Lendo, sapejo-me, lesmo-me, visgo-me, embarro-me e enrio-me.
Que maquinaria, que mecanismo misterioso tictacteia no jeito de
contar do João? E de que será feito o poetizar de Manoel? Terão eles feito um
pacto com o Sem Nome? Sei não. O
imenso contar de Rosa tem a teimosia do Sertão de ser em todo lugar. A poesia
De Barros tem os pés e a boca cheios de musgos e o corpo esverdeado dos rumores
e humores da liquidez do Pantanal. Um sertanejo. Um pantaneiro. Adjetivos que
brilham, mas não dizem nada deles. João e Manoel são duas parteiras velhas,
dois criadores de palavras. Dois criadores de mundos. As palavras deles são palavras
novas, nascidas de outras, metamorfoseadas, desdizentes de coisas velhas e
dizedoras de coisas no pleno acontecer.
O que é contar? O que é escrever? Parece-me que eles contam tudo
aos avessos. Quem dá credito a um diplomata que fala sobre Diadorim e suas
neblinas? Ou um poeta sendo sapo ou árvore? Contar é doidera, fantasiação. É
encontrar o diabo no meio da rua, no meio
do redemunho...[2] Mas qualquer sombrinha
resfreca e o contar voa reto. O contar de Rosa principia vagaroso como se
nonada ele quisesse, mas continua pela fidúcia nos quereres do ouvinte, que de tão
ouvinte nem precisa falar. Contenta-se em ser presença. Ouvinte que mantém
parentesco com João que ao se esquecer de si embolora de tanta narração, a
ponto do leitor não esquecer que ele empareda-se com o narrador. Que ele anota
em caderneta. Que tem leitura e doutoração, coisas que o narrador Riobaldo até
inveja, embora ele mesmo já tenha visto de tudo e em folhas grandes de papel
tracejado bonitos mapas.
O narrador Riobaldo é diverso de todo mundo. Sua neblina é
Diadorim. Com Diadorim ele aprendeu a apreciar as belezas que encantam Manoel,
como o vôo dos pássaros, o cheiro do campo com florzinhas, a música das cigarras,
o céu azul-vivoso e os pássaros como o Manoelzinho da Croa, que sem Diadorim
ele não teria sabido apreciar, mas matar com espingarda, porque nunca tinha ouvido dizer de se parar
apreciando, por prazer de enfeite, a vida mera dos pássaros, em seu começar e
descomeçar dos vôos e pousação.[3]
Coisas que se empassarinham na poesia de Manoel e faz palavra amanhecer entre aves[4].
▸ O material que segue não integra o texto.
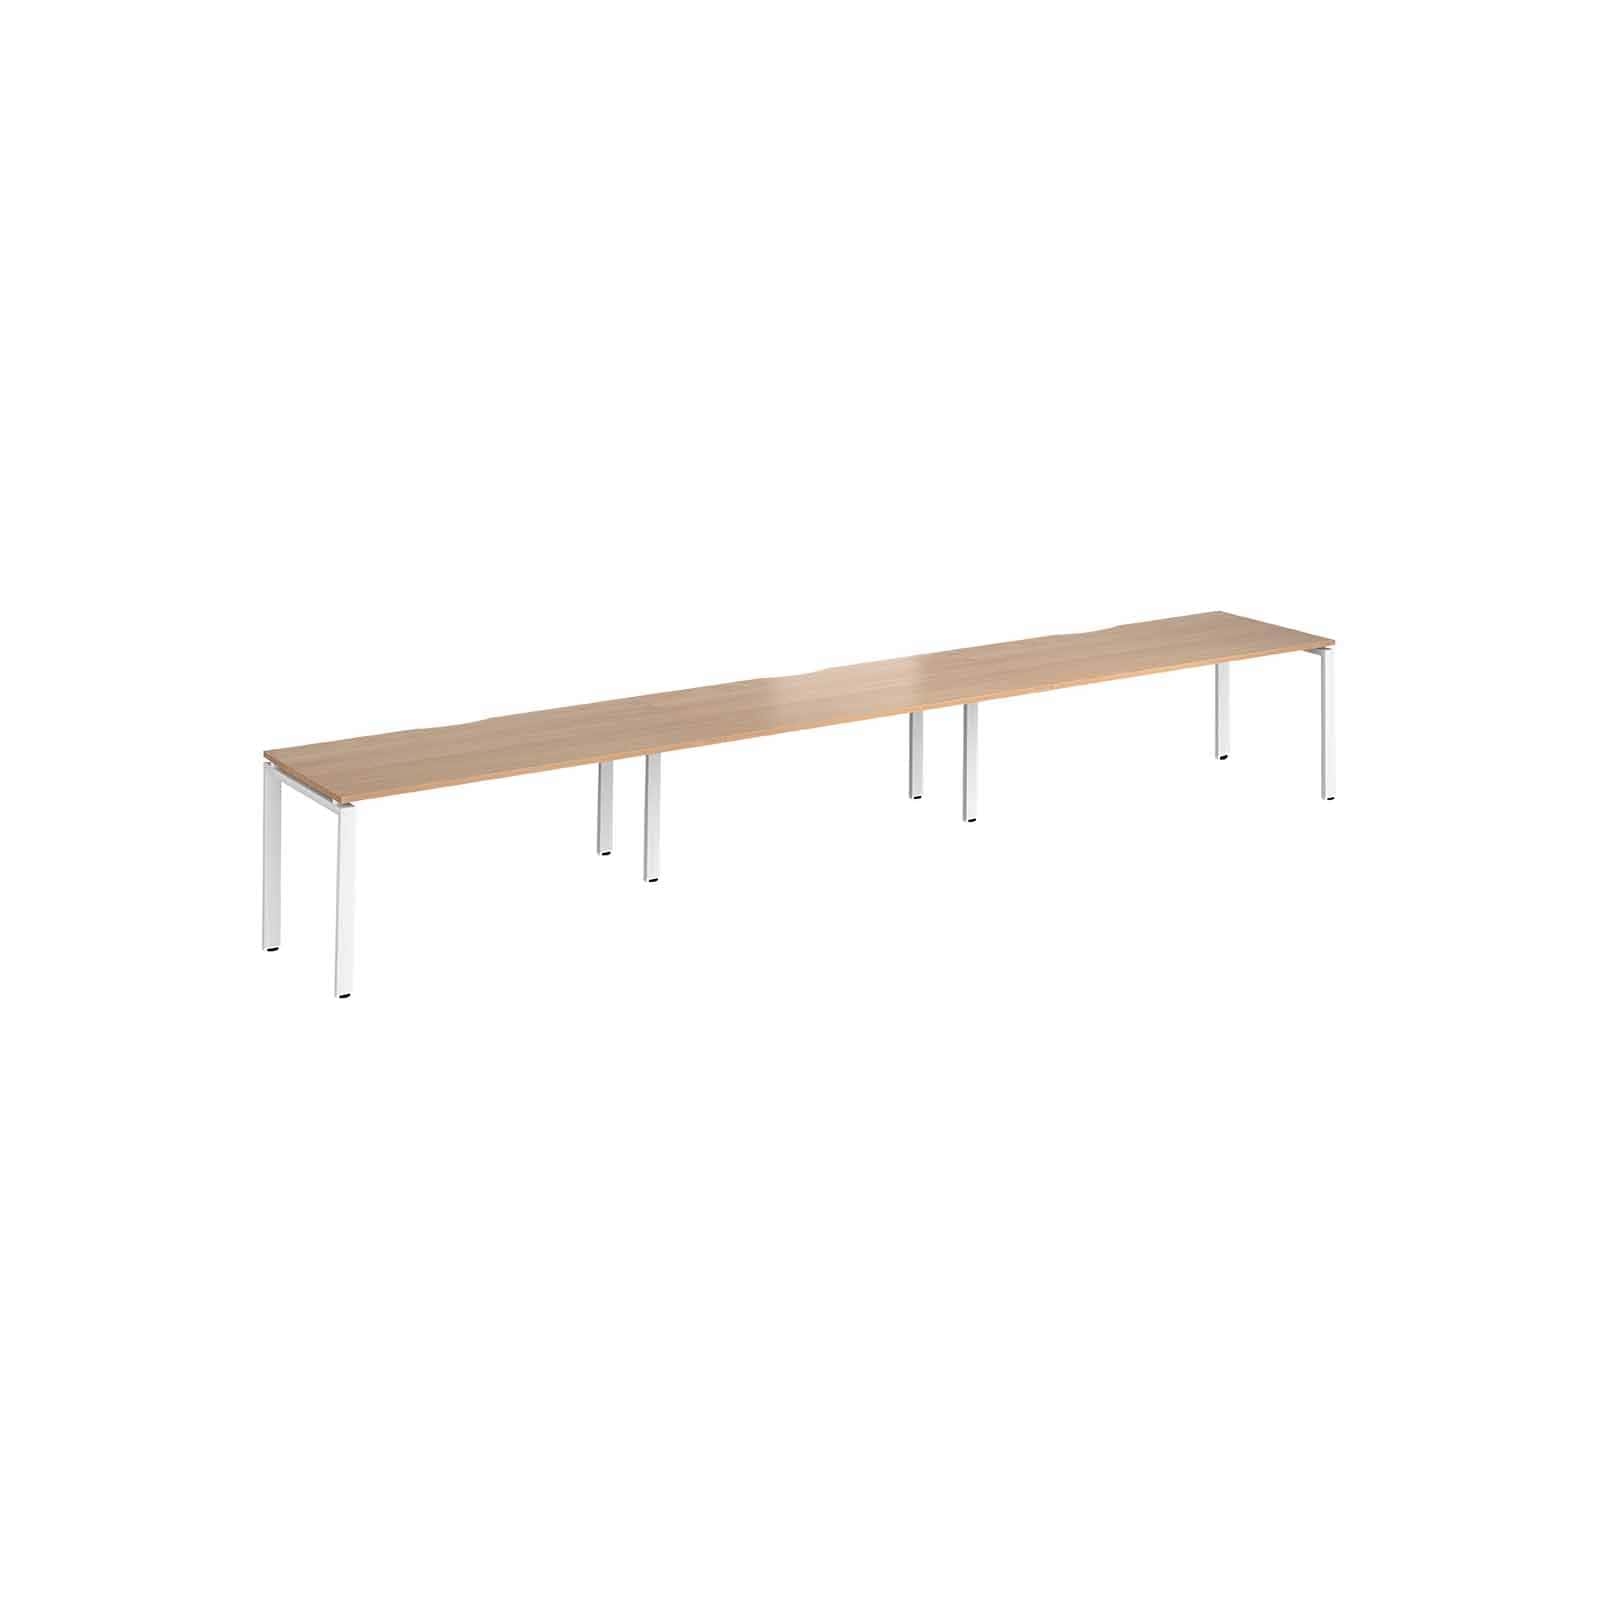 3 Person Single Row Bench Desk W1000mm x D600mm x H740mm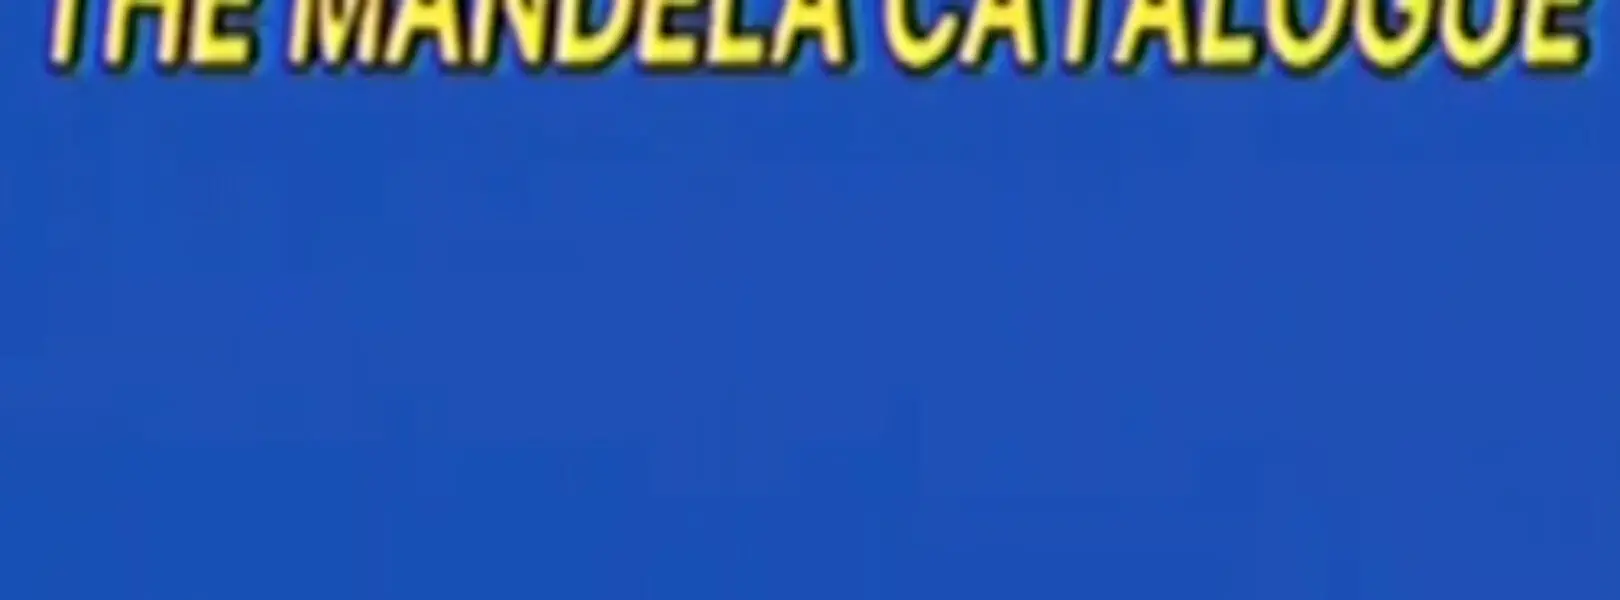 The Mandela Catalogue Official Series Trailer

Olhares que causam sossego, que exigem carinhos. E o Manoelzinho da Croa sempre
em casal, na galinholagem deles, às vezes
davam beijos de biquinquim.[5]
Se em Rosa, viver é um
descuido prosseguido[6], tanto nele quanto
em Manoel contar e poetizar viram cuidados prosseguidos. Um contínuo lembrar e
deslembrar. É um afogo de chegar, chegar
e perto estar, tirar instantâneos das coisas.[7] O
contar de Riobaldo tem nascedouro na recordação sempre quente, retomada,
remendada. De continuação inventada. Cheia dos traquejos de quem se mistura na
invenção e no real da vida, sem adquirir sabenças em desmisturar. A vida
disfarça? A vida inventa? Na invenção os disfarces cabem mais porque o real tem
menos formato; por isso viver é muito perigoso, é assim como pelejar por exato, viver é etcétera.[8] Imagino
que vida e a invenção são semelhantes ao Rio Desbocado de João: definitivo, cabal, nunca há de ser.[9]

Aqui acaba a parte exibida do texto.